The court quickly disposed of the plaintiff’s assertions that Ares had actual knowledge of wrongdoing by the Company’s special committee members by noting that Ares’s negotiations were arm’s-length and pointing to the lack of allegations that Ares was aware of or involved in any flawed decision making by the board or the special committee or its advisors.

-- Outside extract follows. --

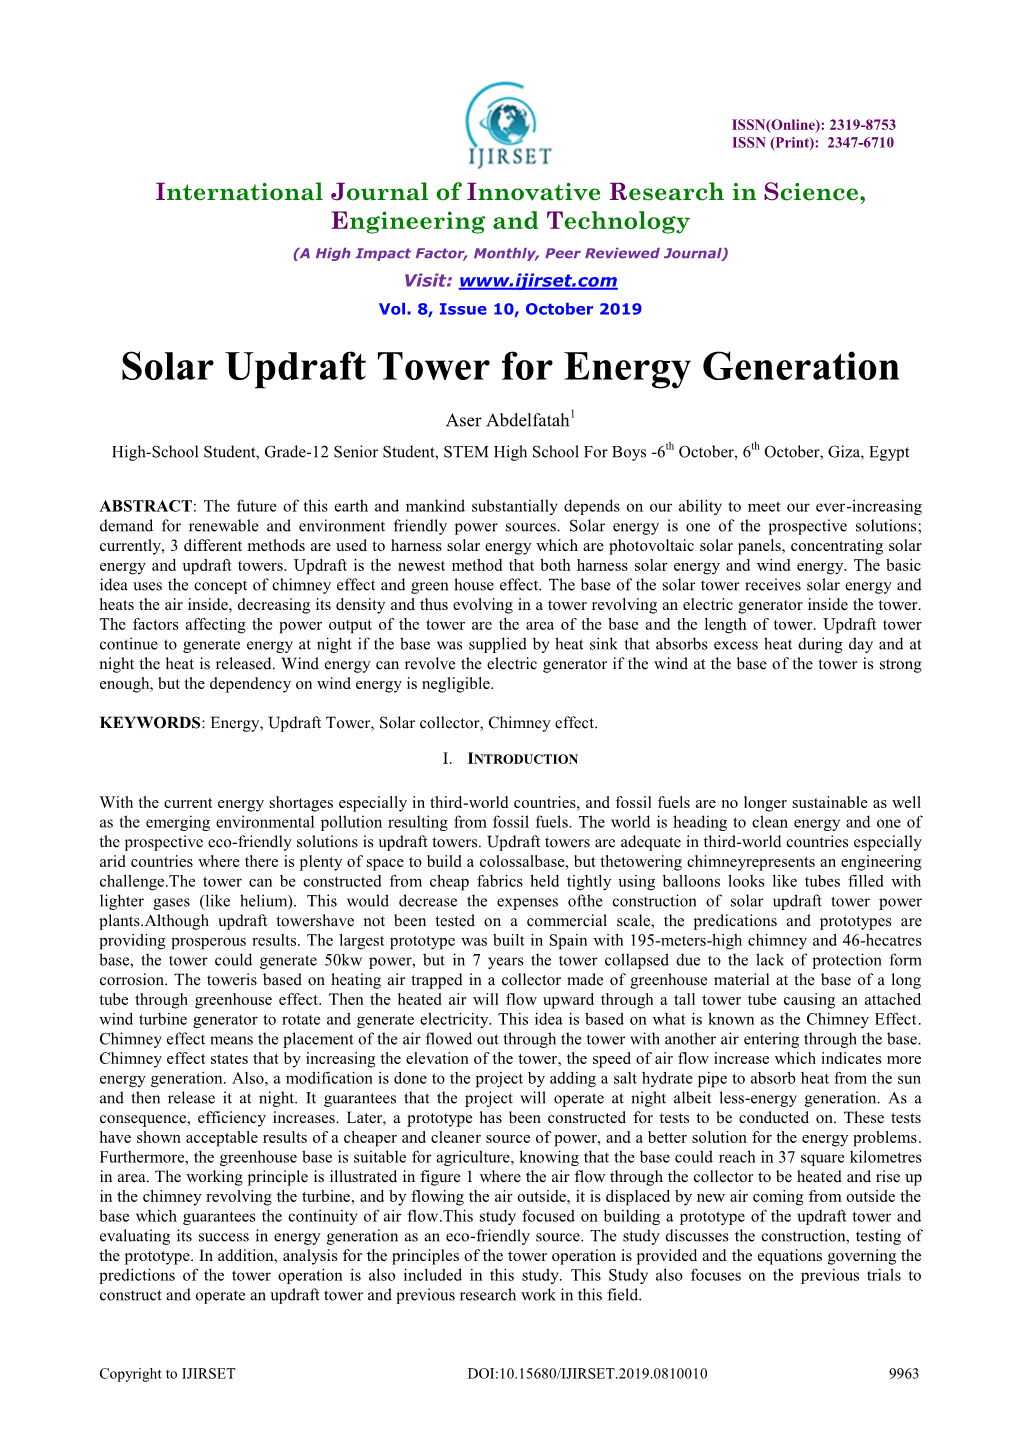 Solar Updraft Tower for Energy Generation

The court then rejected the plaintiff’s theory that Ares’s supposed actual knowledge of Oaktree’s alleged wrongdoing could transitively support a finding of constructive knowledge for alleged wrongdoing by the Company’s special committee members. The court found that the plaintiff’s allegations confirmed that Ares’s arm’s-length participation in the transaction was inconsistent with knowing participation in alleged breaches of fiduciary duty. More specifically, Ares did not select the special committee’s lead negotiator, who was alleged to have conflicts of interest, and the plaintiff did not allege facts to support that Ares exploited the negotiator’s conflicts of interest for its benefit. The plaintiff also failed to plead facts to support that Oaktree’s participation in the transaction was inherently wrongful or that Ares knew of the allegedly superior alternative offer or of Oaktree’s alleged wrongful influence over the deal to obtain more lucrative terms. For these same reasons, the court rejected the plaintiff’s claim for unjust enrichment.

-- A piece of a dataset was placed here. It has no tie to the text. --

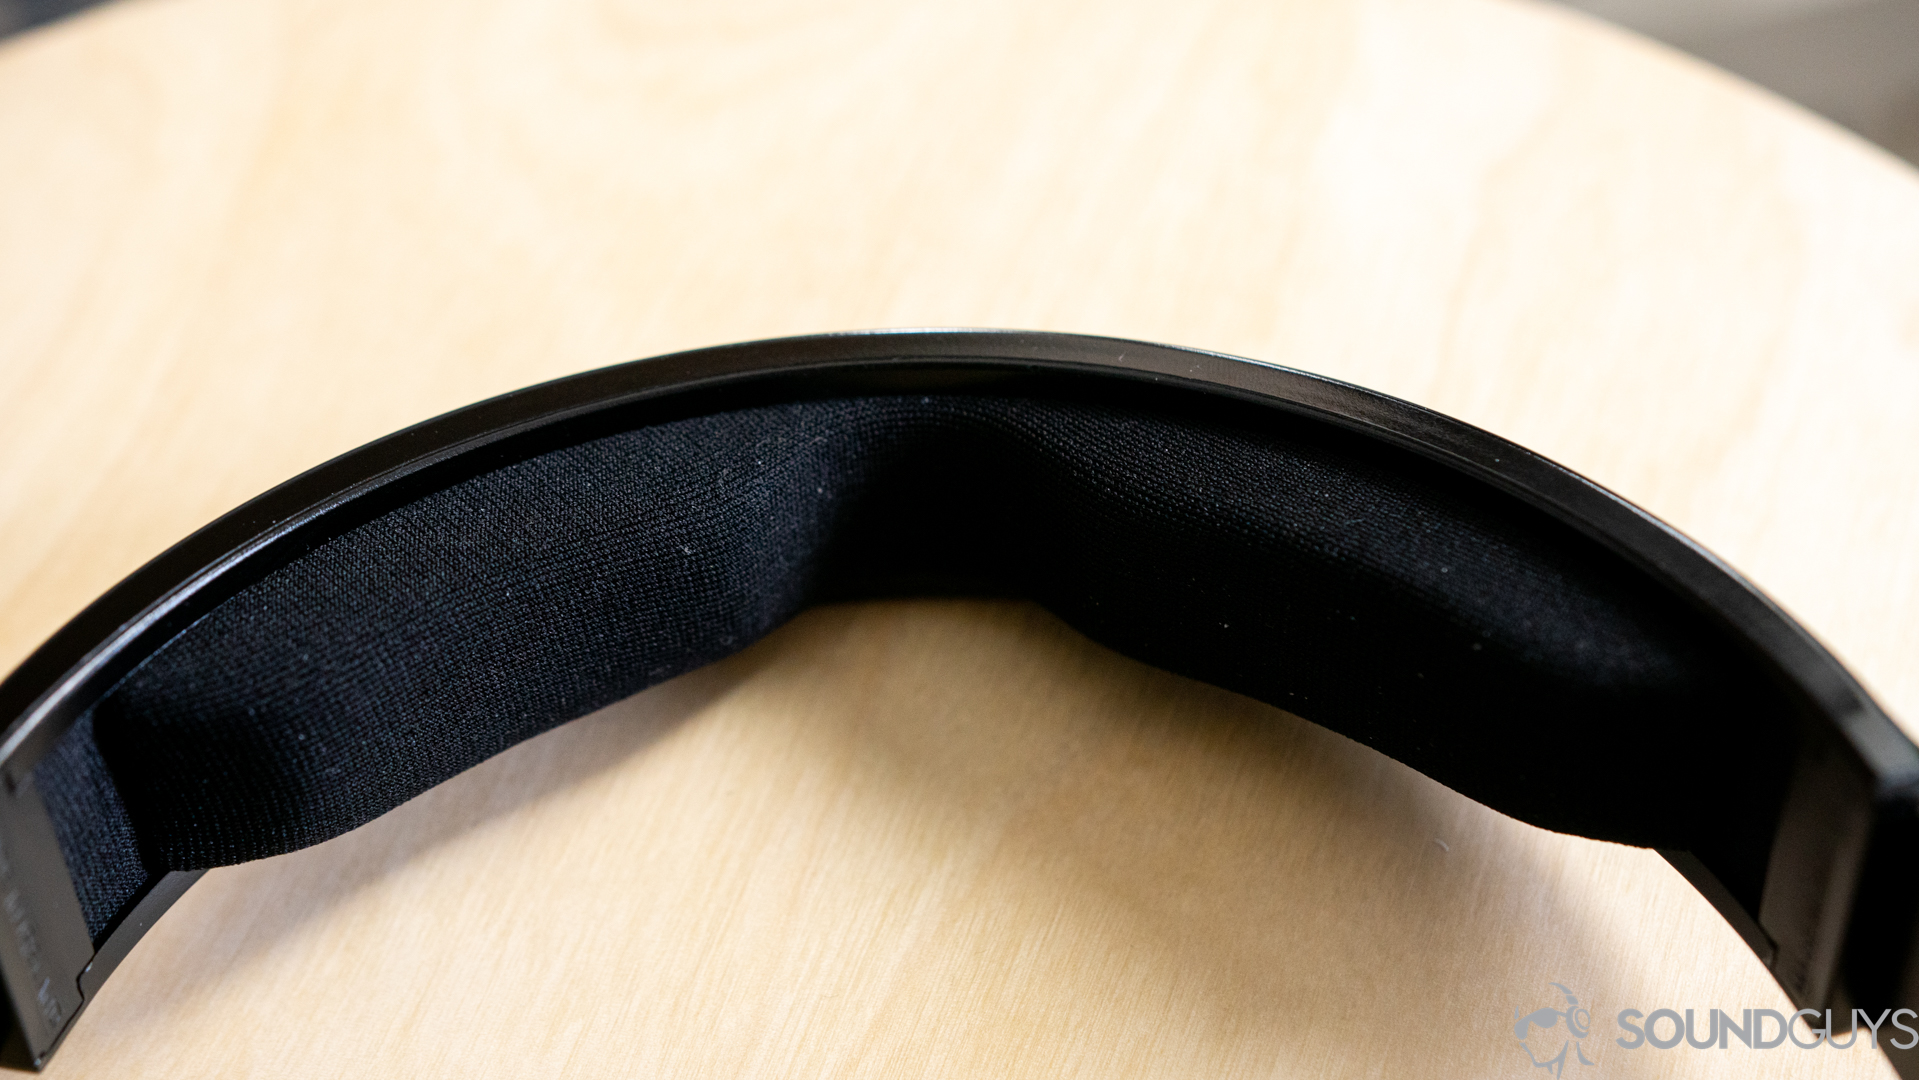 Close-up of the padding of the Sennheiser headphones.

The Jacobs v. Meghji decision is instructive for practitioners on multiple levels. For transactional counterparties, the court’s analysis is a helpful guide to understanding the bounds of conduct that constitutes knowing participation under Delaware law to support aiding and abetting liability. Importantly, the court reaffirmed that arm’s-length bidders have the right to negotiate and secure contract terms for their own benefit and that participation in a transaction by a bidder alongside a controller, without more, does not give rise to the aiding and abetting liability. On the company side, the Jacobs decision reinforces the need for a well-functioning, independent, and appropriately authorized special committee, particularly where a controller participates in a transaction. For litigants, the court’s deconstruction of the plaintiff’s complaint to explain why certain inferences were unreasonable or unsupported and what allegations were missing to support an aiding and abetting claim is a reminder of the attention and scrutiny that the Court of Chancery brings to each case on its docket.